Cabinet committee fails to agree on 75% FESCO stake sale

Seeks more details about financial and administrative aspects


Our Correspondent September 17, 2015
PHOTO: FILE

ISLAMABAD: The Cabinet Committee on Privatisation on Thursday put off a decision on the privatisation structure of Faisalabad Electricity Supply Company (Fesco) as it could not agree on a proposal of selling 75% stake in one of the best performing power utilities.

The Privatisation Commission (PC) board had sought the CCOP’s nod to sell the stake in Fesco that served one-tenth of the country’s population. Finance and Privatisation Minister Ishaq Dar chaired the meeting.

The CCOP considered various options presented by the Privatisation Division for divestment of shareholding in Fesco and Thermal Power Station Muzaffargarh of Northern Power Generation Company, according to the Ministry of Finance.

“Financial advisers should provide the government with multiple options with a view to maximise gains from these transactions,” a press release said.

PC Chairman Mohammad Zubair said the CCOP sought more explanation on the financial and administrative aspects, adding the committee had powers to set aside the PC board’s decision and approve a new transaction structure.

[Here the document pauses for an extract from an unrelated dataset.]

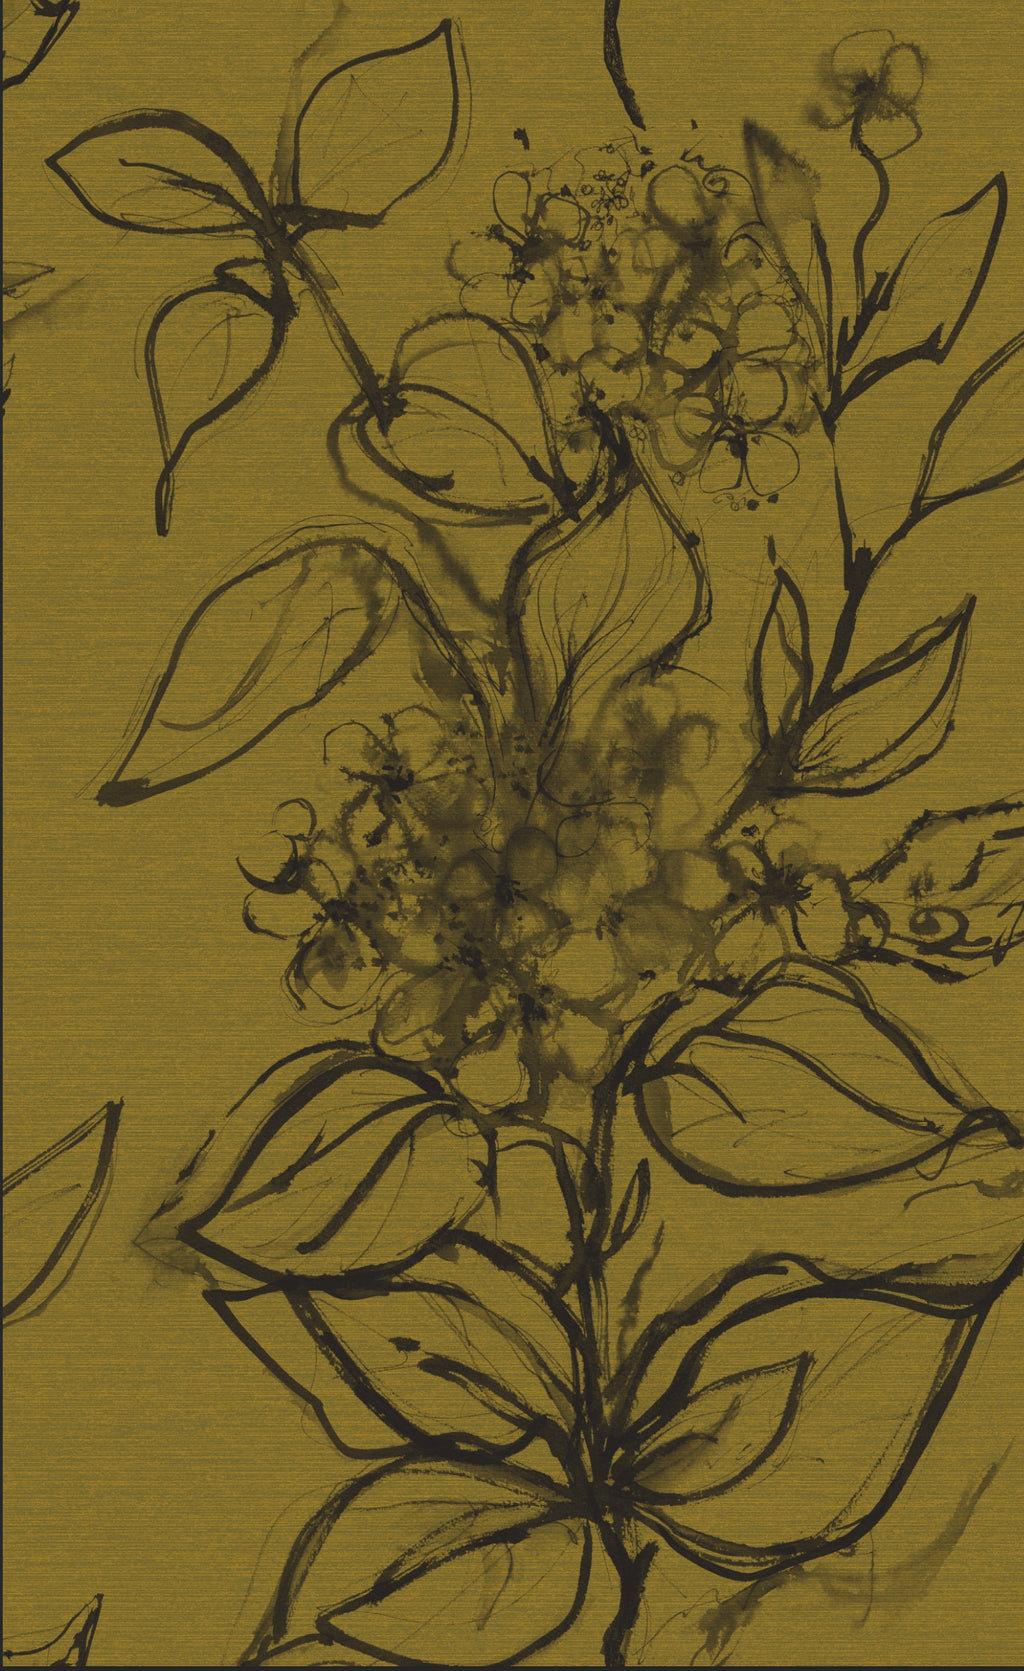 Aquatint floral Wallpaper - Mustard + Black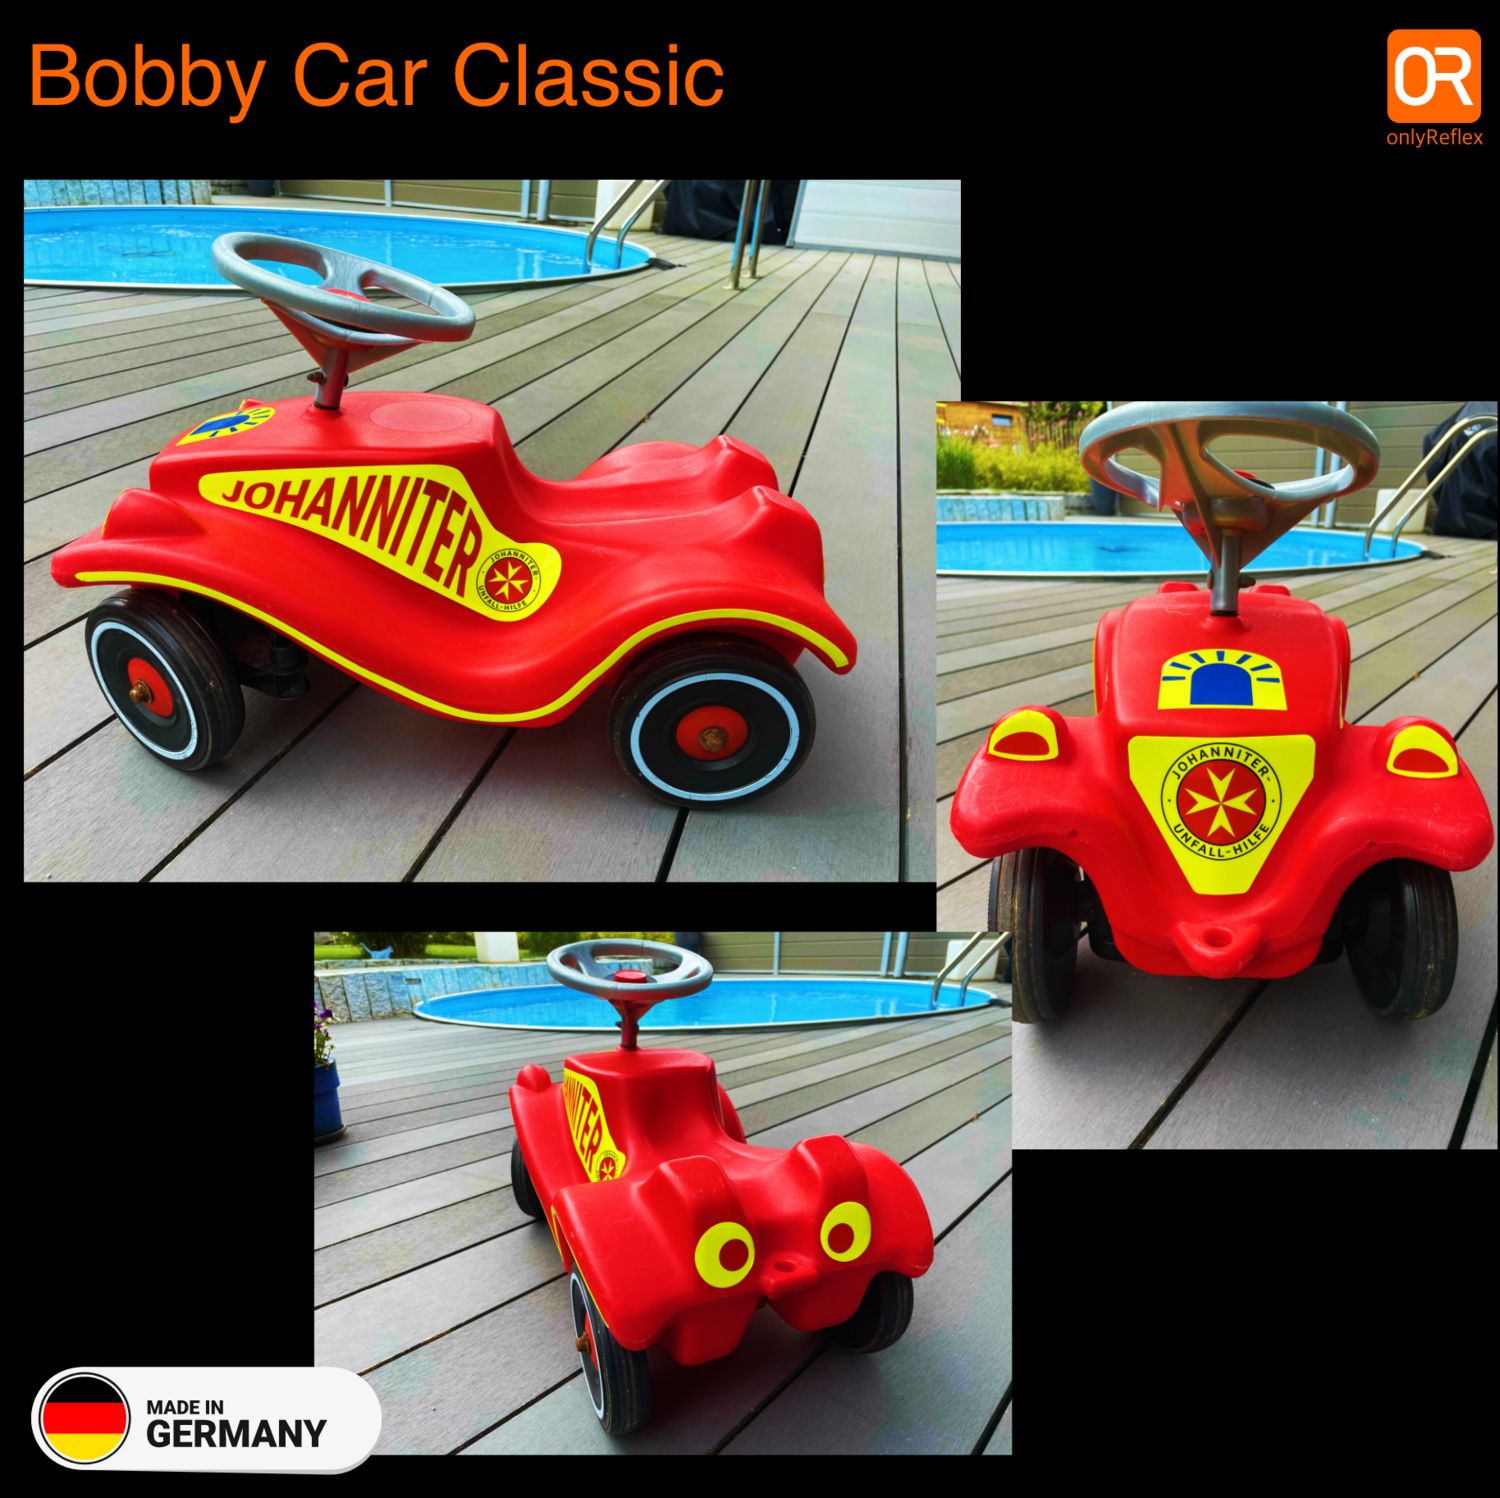 Johanniter Bobby Car Classic, Aufkleber

He pointed out that Fesco’s transaction structure would set broader parameters for other power companies, therefore, the government wanted to ensure transparency and accountability in the process.

Fesco is one of the most efficient companies with line losses of slightly over 10% and recovery ratio of over 99%.

The financial advisers had given four options for Fesco’s privatisation and put its weight behind selling a minimum 76% shares along with transfer of management control.

However, the PC board reduced the share percentage to 75% in a bid to keep at least two directors on the board of the privatised company.

The advisers were of the view that the sale of 76% shares would maximise proceeds besides making the offer lucrative for the investor, who would have complete control over decision-making and would not need government’s approval.

The advisers also gave the option of selling a minimum 51% strategic stake along with management control while remaining shares should be offloaded in the capital market in the next three to four years.

However, they cautioned that in this case there were more disadvantages than benefits. In this option, the government may find it difficult to market the transaction and will keep a significant presence on the board, which will enable it to influence management activities and decisions.

The third possibility was selling 88% shares to a strategic investor. However, there was no clarity about the remaining 12% shares. The advisers also reviewed the option of privatisation after setting up a subsidiary, which it did not recommend. The government has not yet taken a decision on 12% shares that the previous government provided to the employees. There is also another hurdle pertaining to the ownership of Fesco properties.

Of the 120 properties owned by the company, titles of 98 have not been transferred to its name. The estimated value of the 98 properties was roughly Rs11 billion.

TPS Muzaffargarh

Zubair said the CCOP gave its approval for carving out the 1,350-megawatt power plant from Northern Power Generation Company Limited (NPGCL).

The government would establish a subsidiary to transfer assets and liabilities of the power station before its privatisation.

In order to improve the marketability, the financial advisers had proposed that all trade and other payables that form part of the circular debt should be kept in NPGCL and not transferred to TPS Muzaffargarh.

Published in The Express Tribune, September 18th, 2015.